# What the exercise asks
Give back the whole listing exactly as written, pictures excluded.

# Raw data

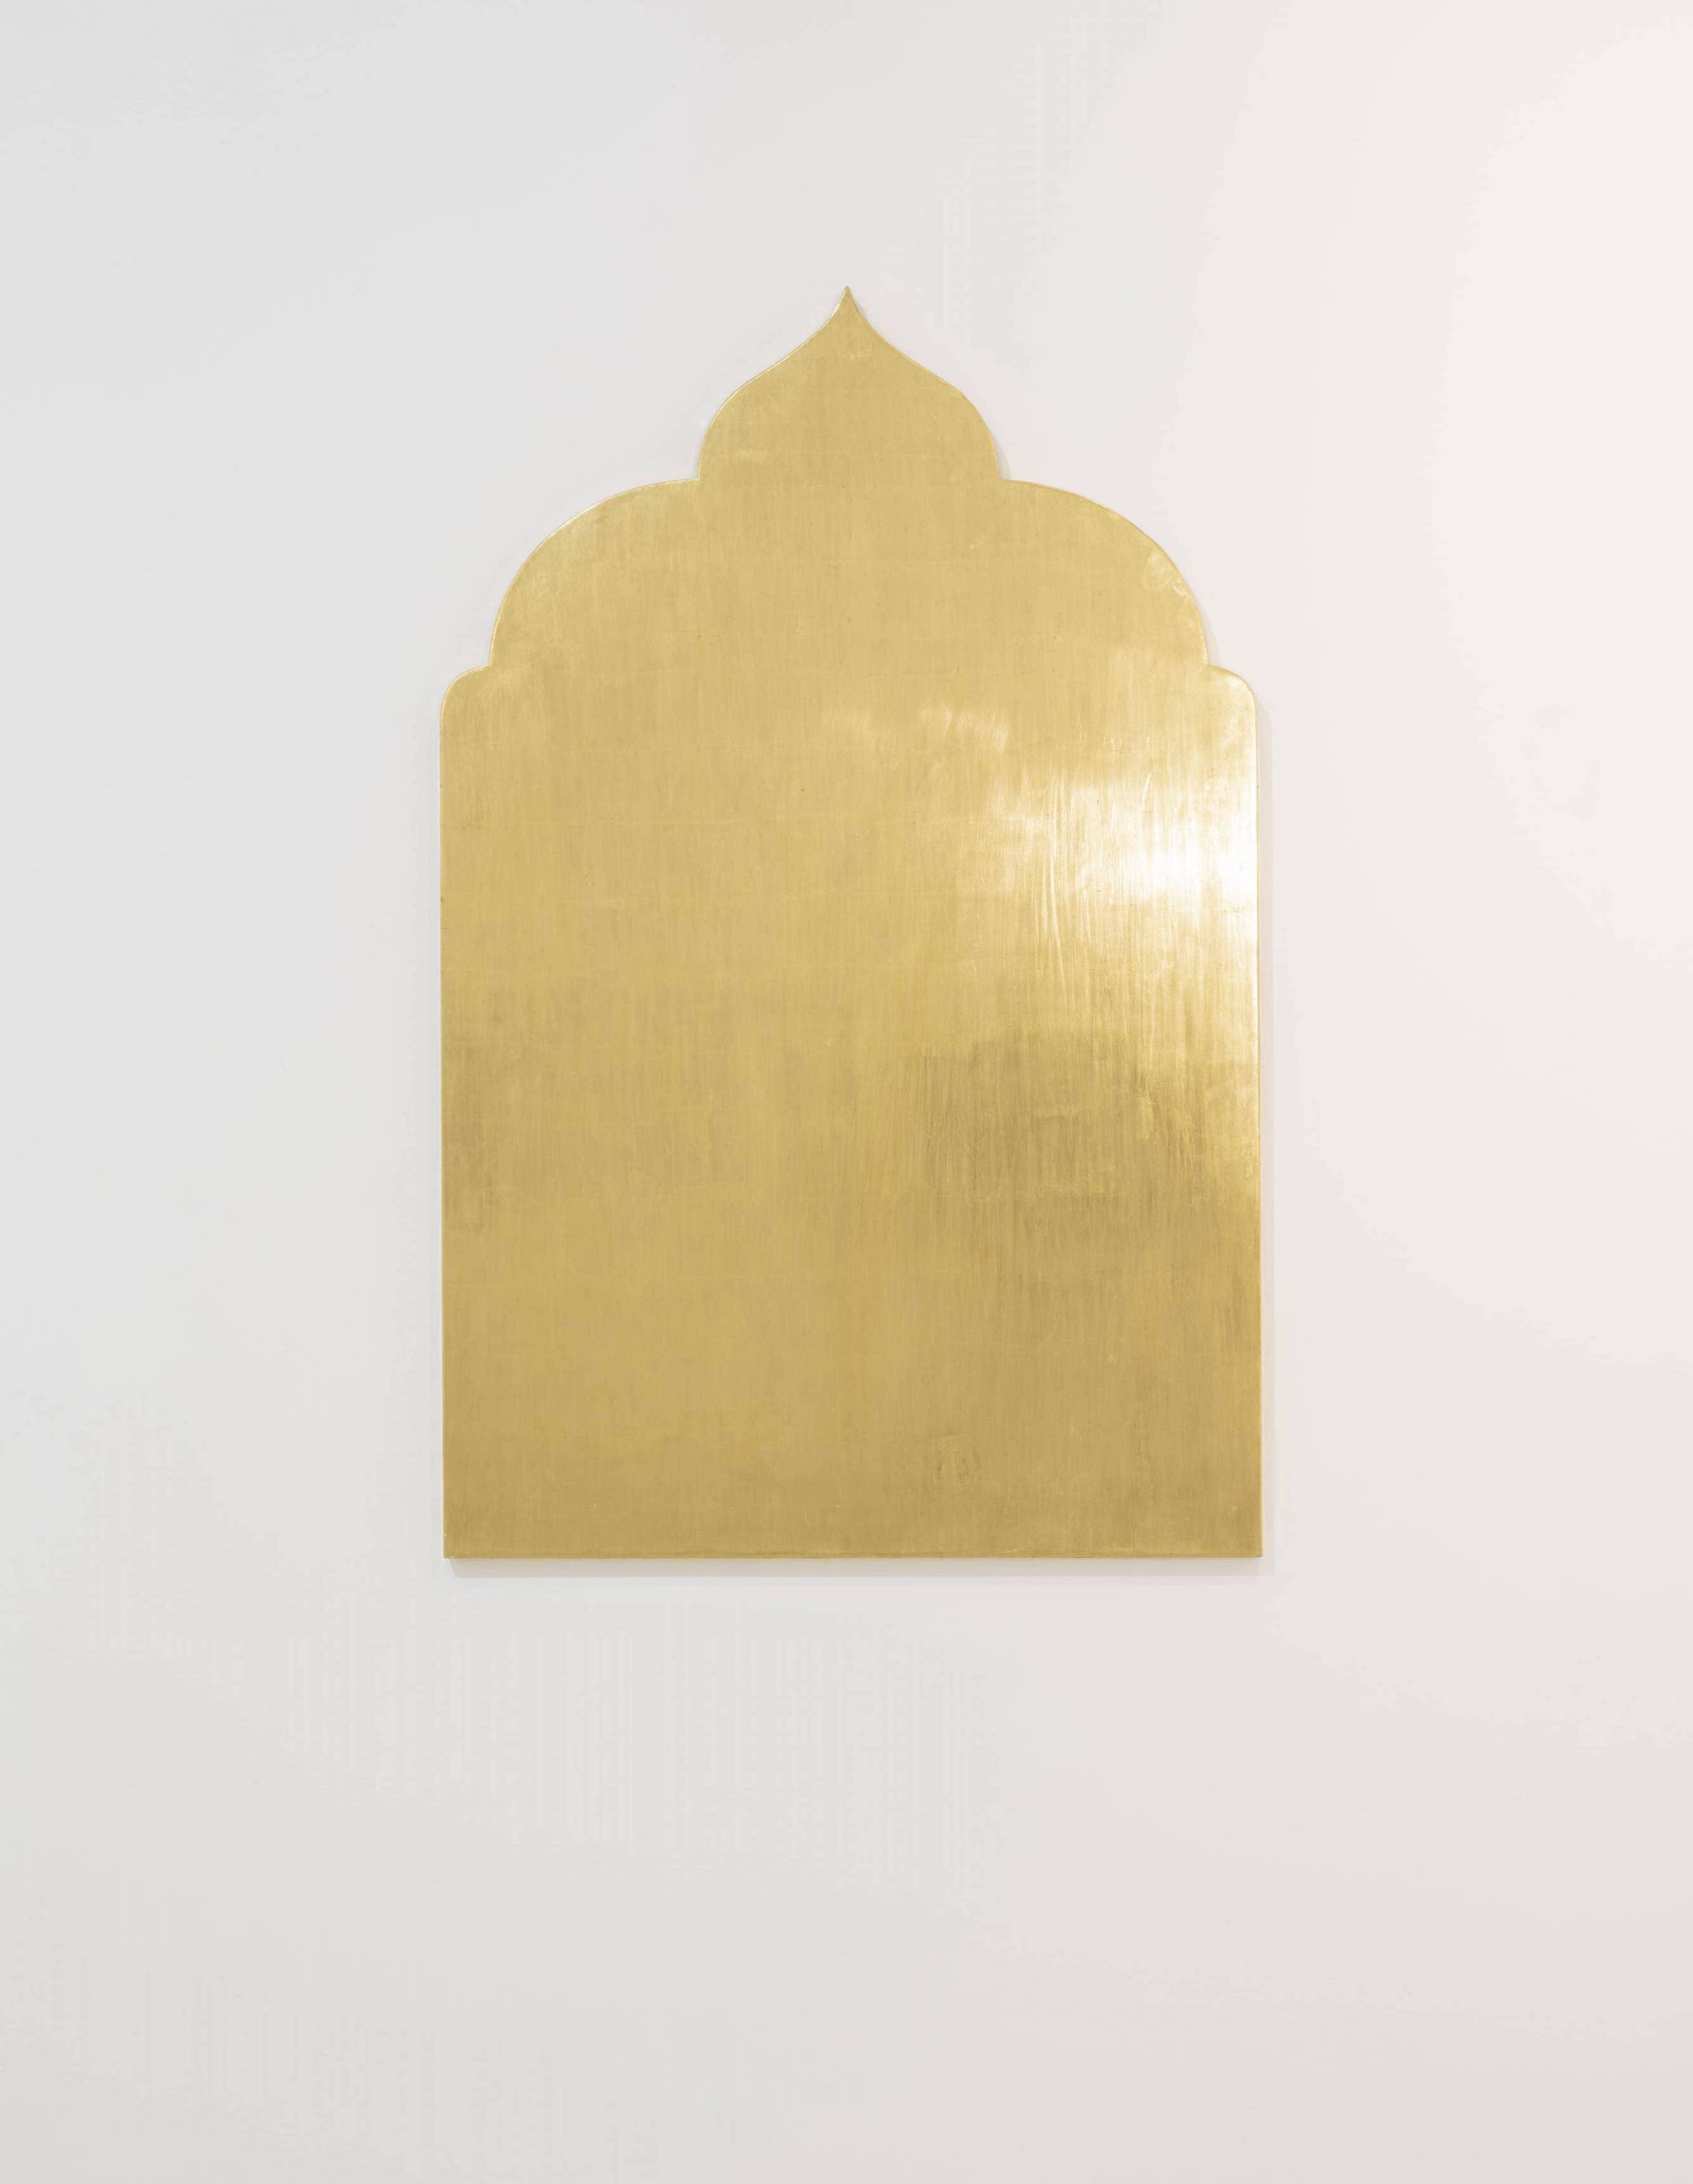 """""""La forma dell'oro"""", Paolo Canevari, """"Monumenti della Memoria (Golden Works)"""", 2019"""
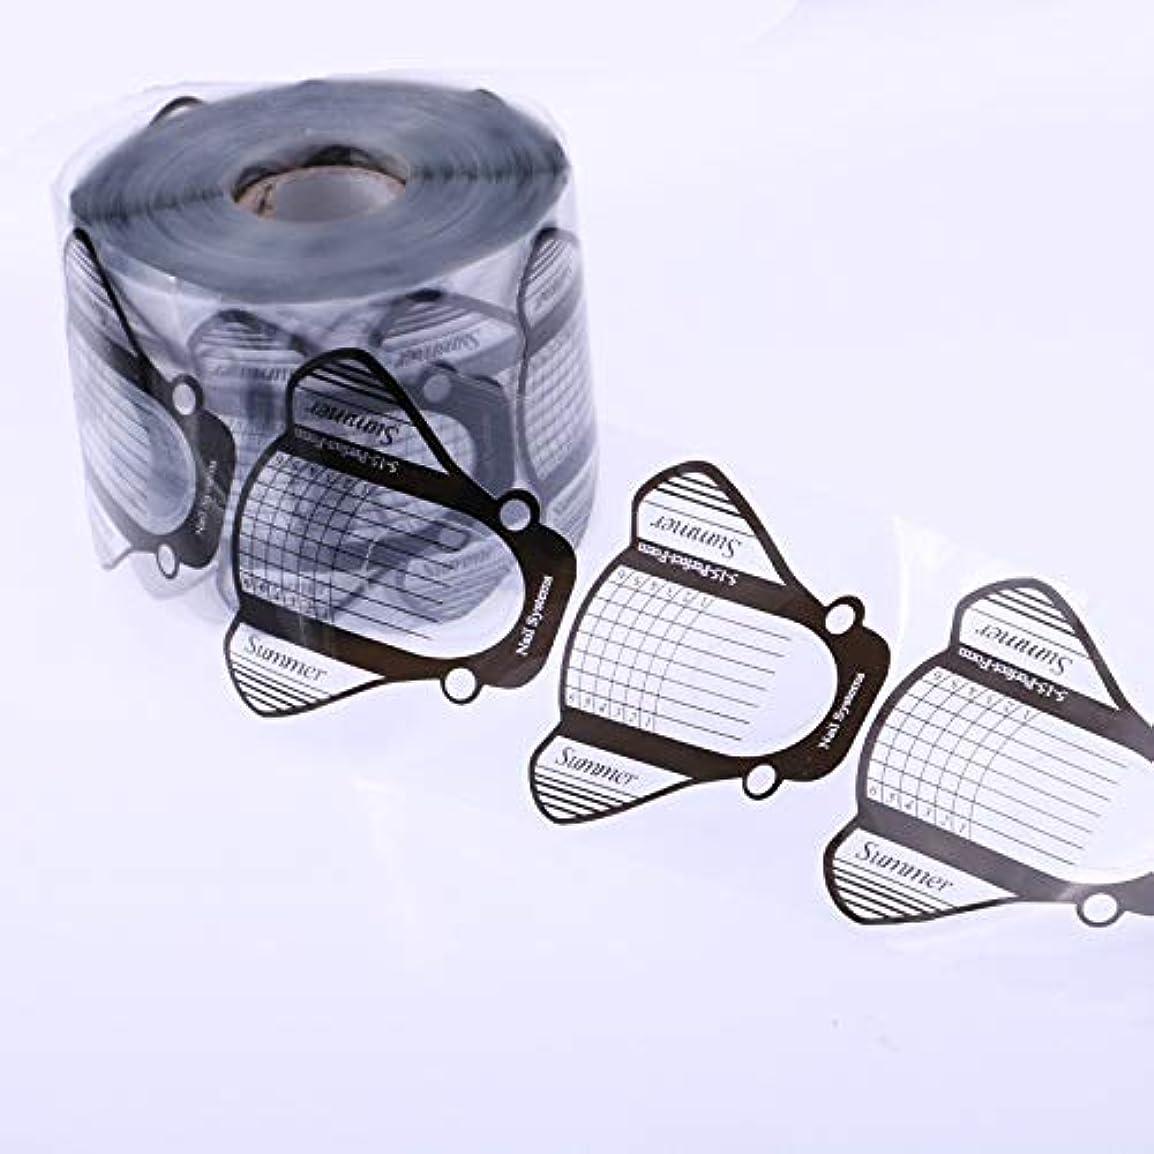 甘い消費者中央100枚高品質激安フォームジェルネイルスカルプチャースカルプチュアネイルフォームアクリル用使いやすい
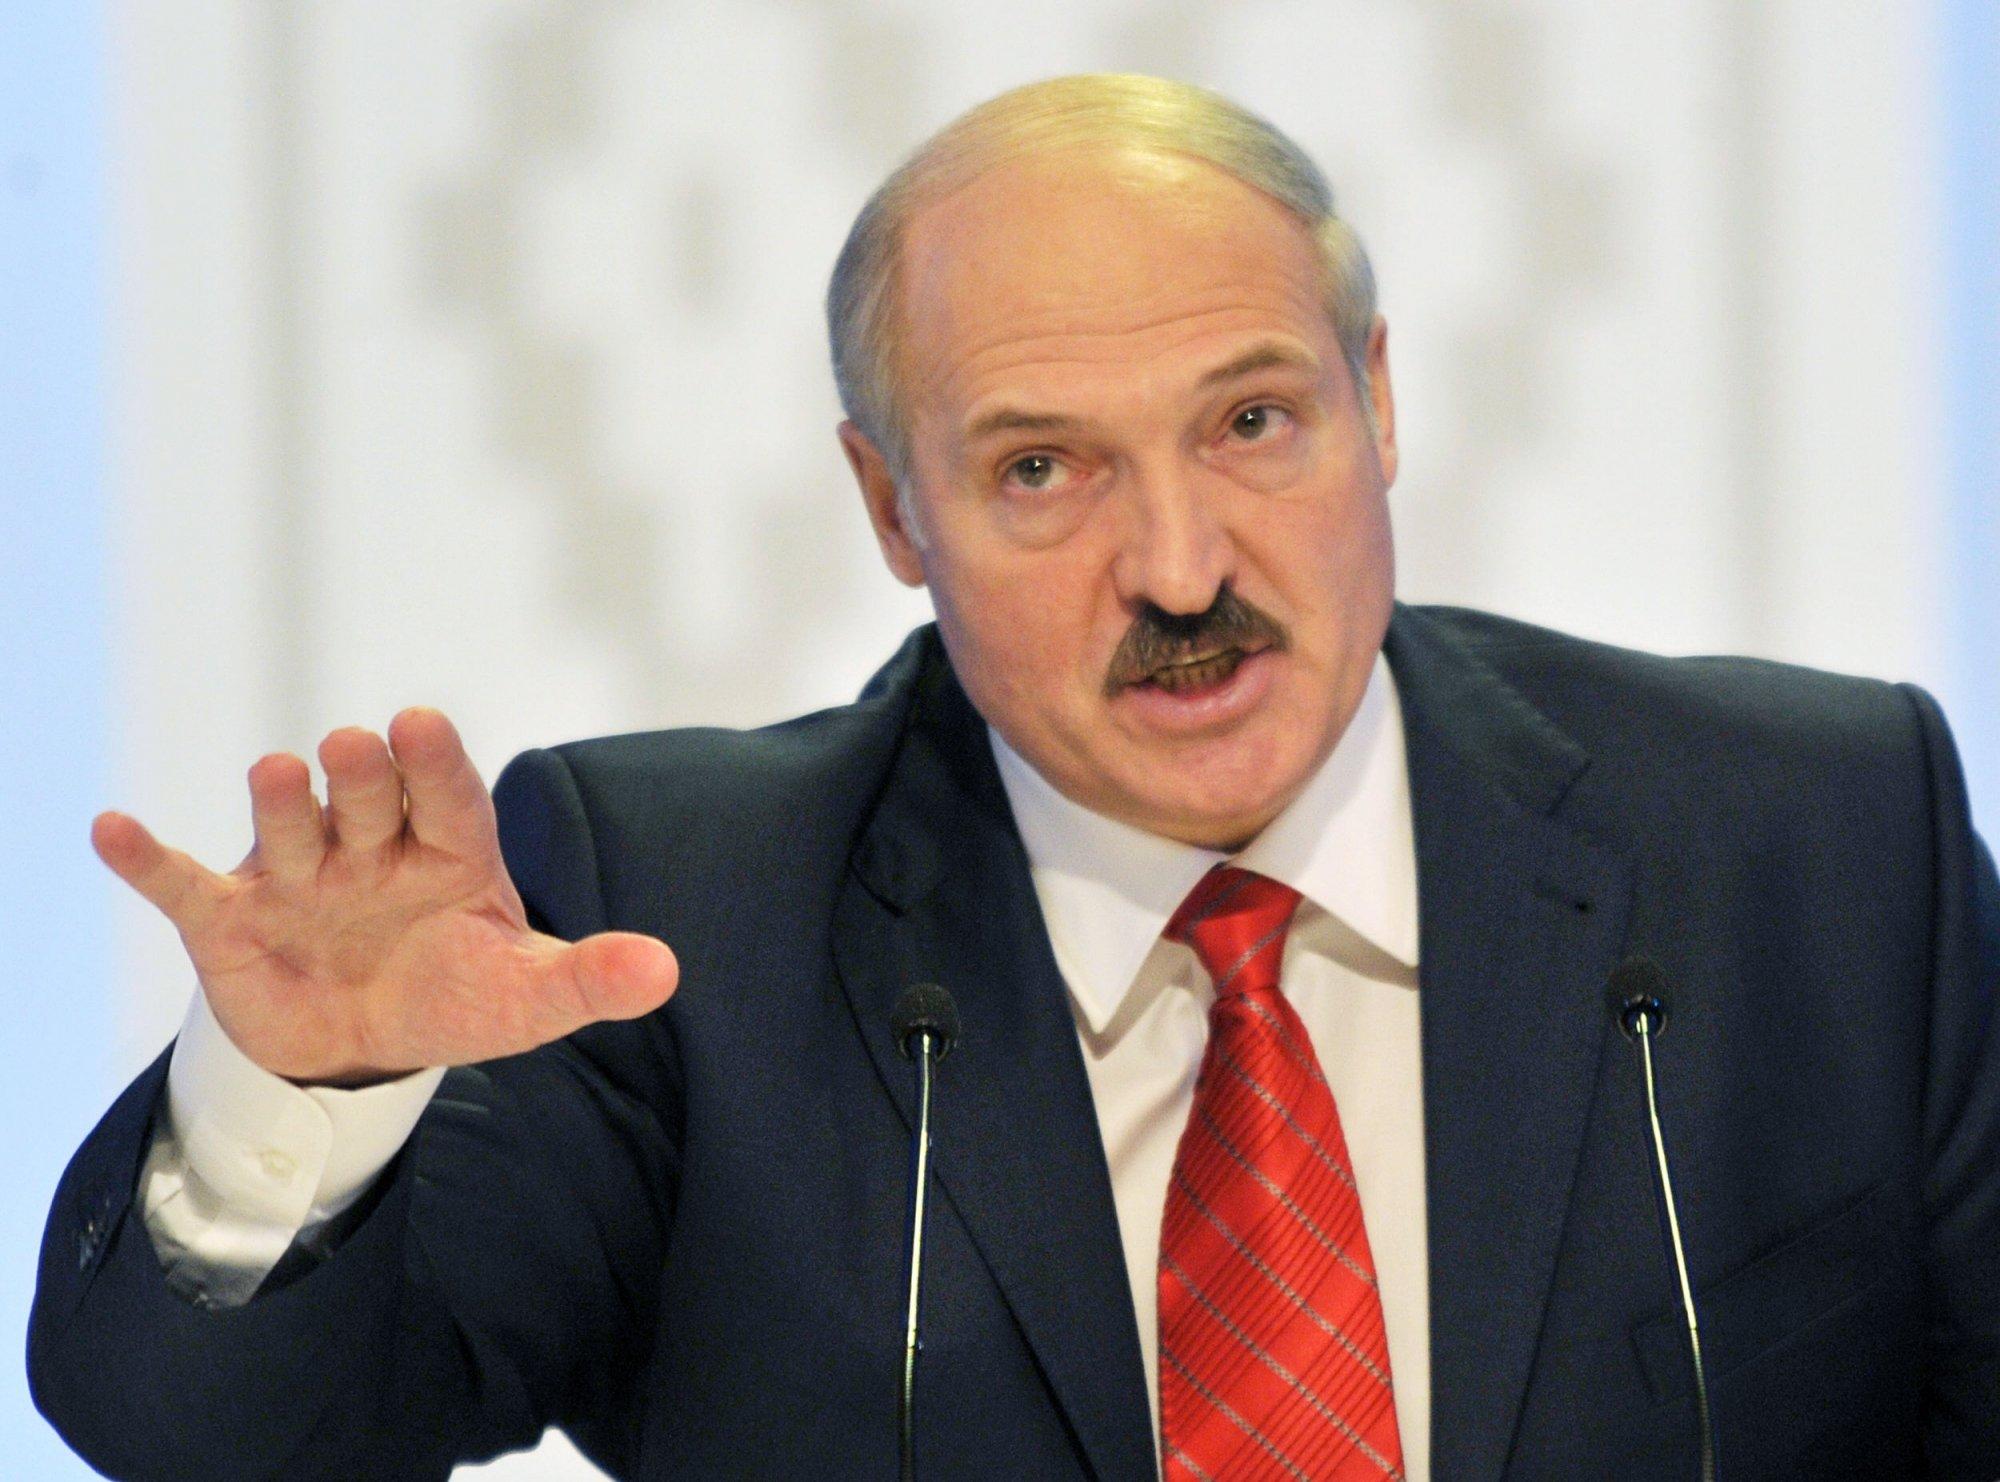 Александр Лукашенко: ''В российской колбасе соя и туалетная бумага'

# Response area
 """""""La forma dell'oro"""", Paolo Canevari, """"Monumenti della Memoria (Golden Works)"""", 2019"""
 甘い消費者中央100枚高品質激安フォームジェルネイルスカルプチャースカルプチュアネイルフォームアクリル用使いやすい
 Александр Лукашенко: ''В российской колбасе соя и туалетная бумага'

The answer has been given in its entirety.